What you are asked to do: Repeat the data that follows in full. Do not include the pictures.

Source data:

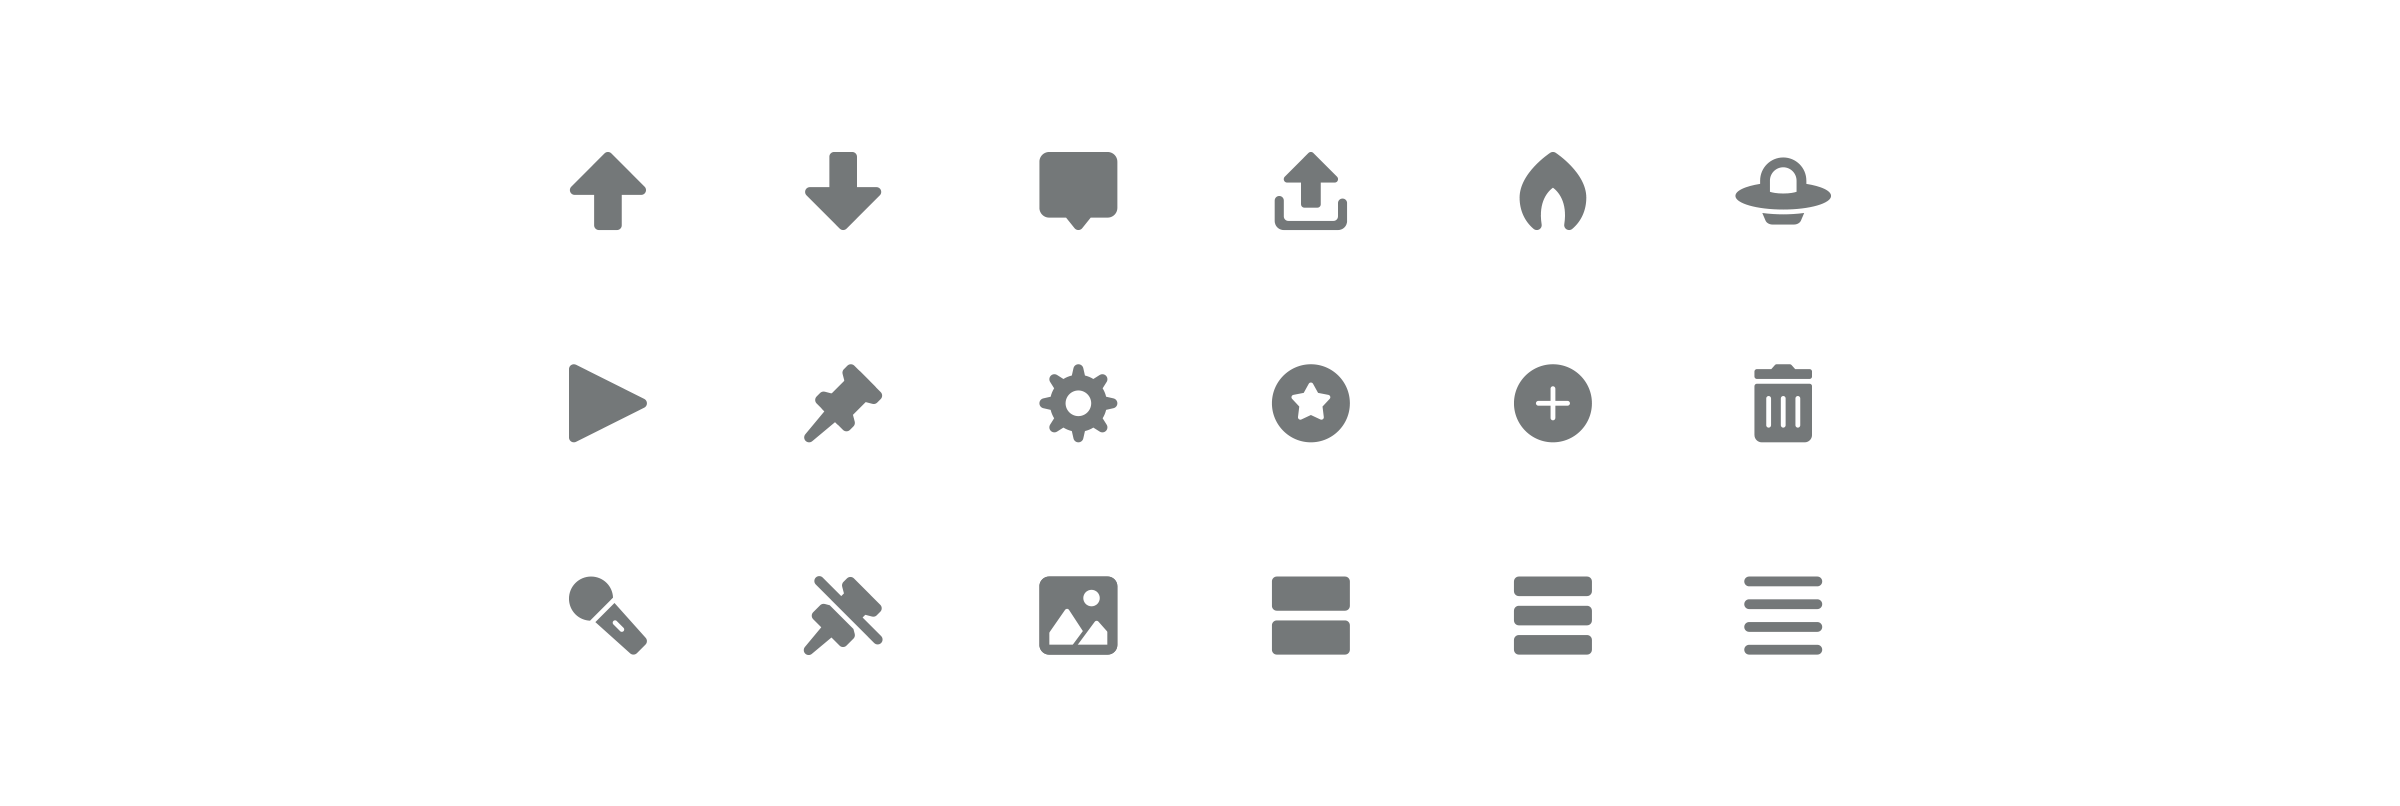 Primary_Icons_Reddit
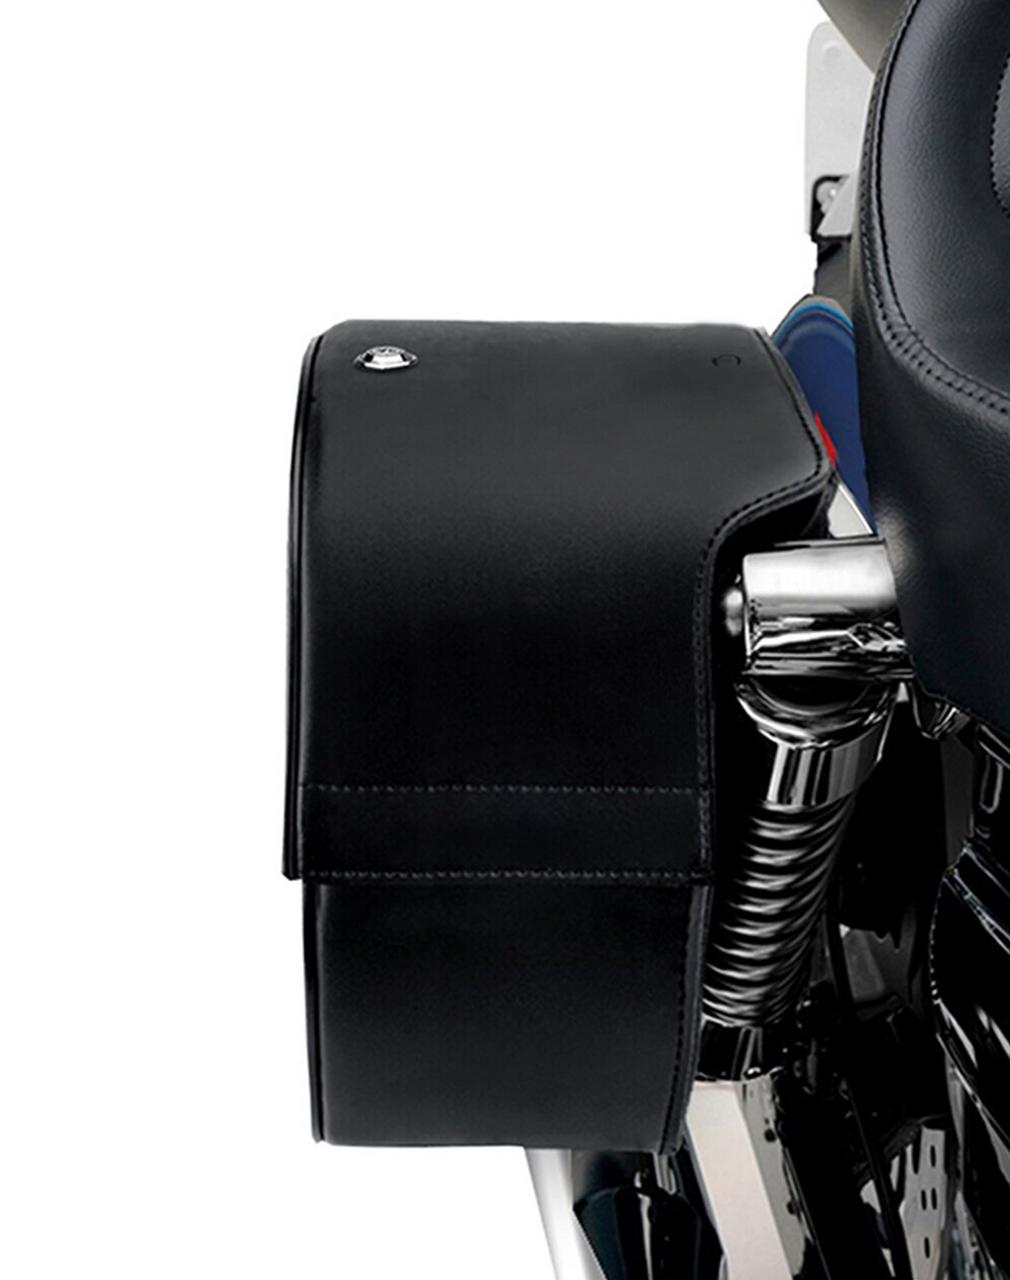 Honda VTX 1300 Retro Large SS Shock Cutout Slanted Studded Motorcycle Saddlebags Shock Cutout View
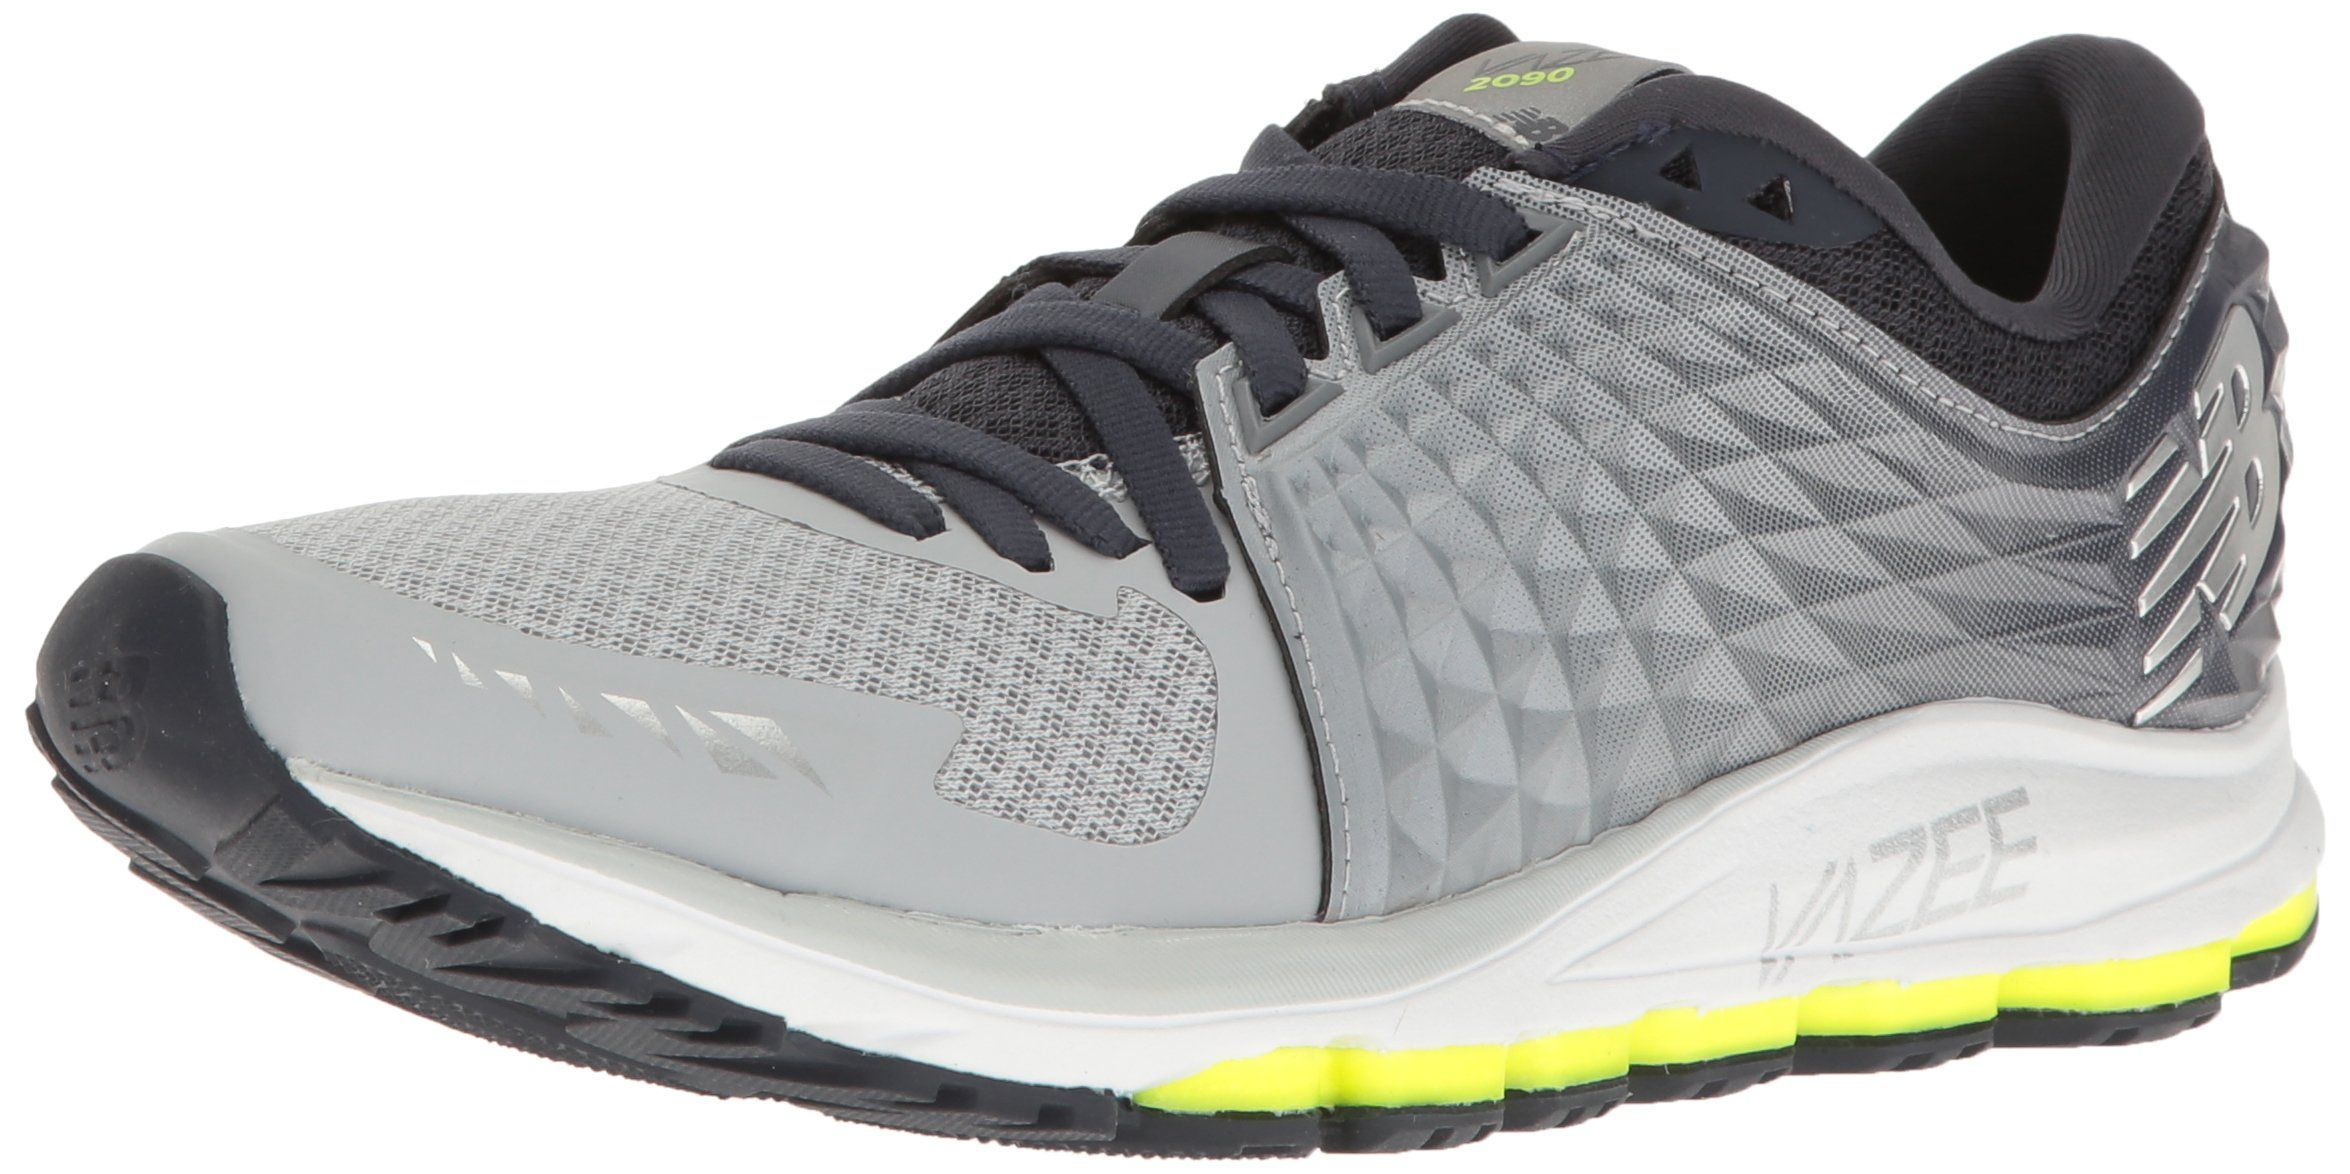 Balance Womens W2090V1 Runningshoe Running Shoe Silver Mink/Outerspace 7.5 B U
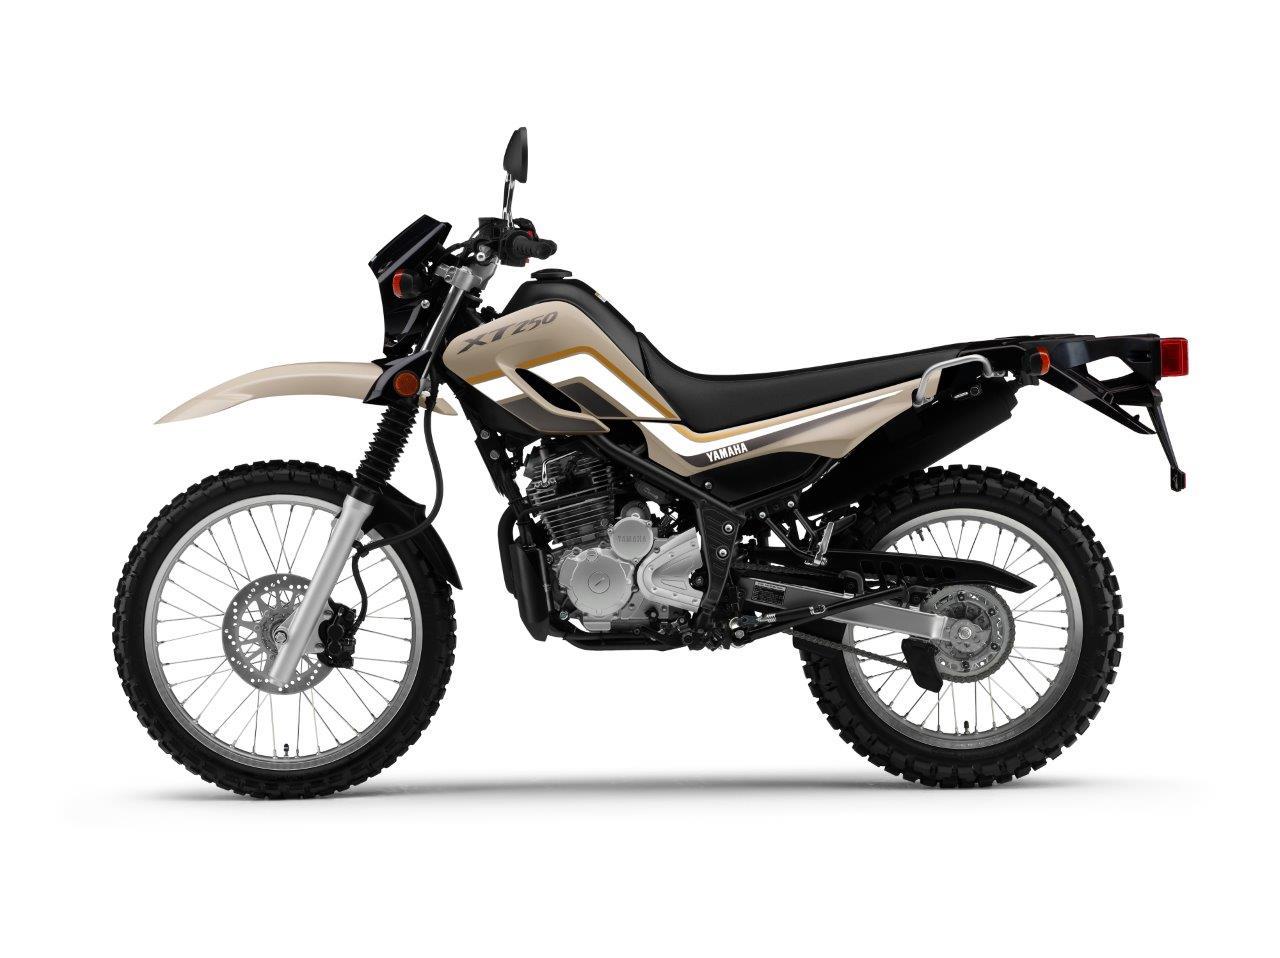 Yamaha Xt250 Model Overview

Written response:
 Primary_Icons_Reddit
 Honda VTX 1300 Retro Large SS Shock Cutout Slanted Studded Motorcycle Saddlebags Shock Cutout View
 Balance Womens W2090V1 Runningshoe Running Shoe Silver Mink/Outerspace 7.5 B U
 Yamaha Xt250 Model Overview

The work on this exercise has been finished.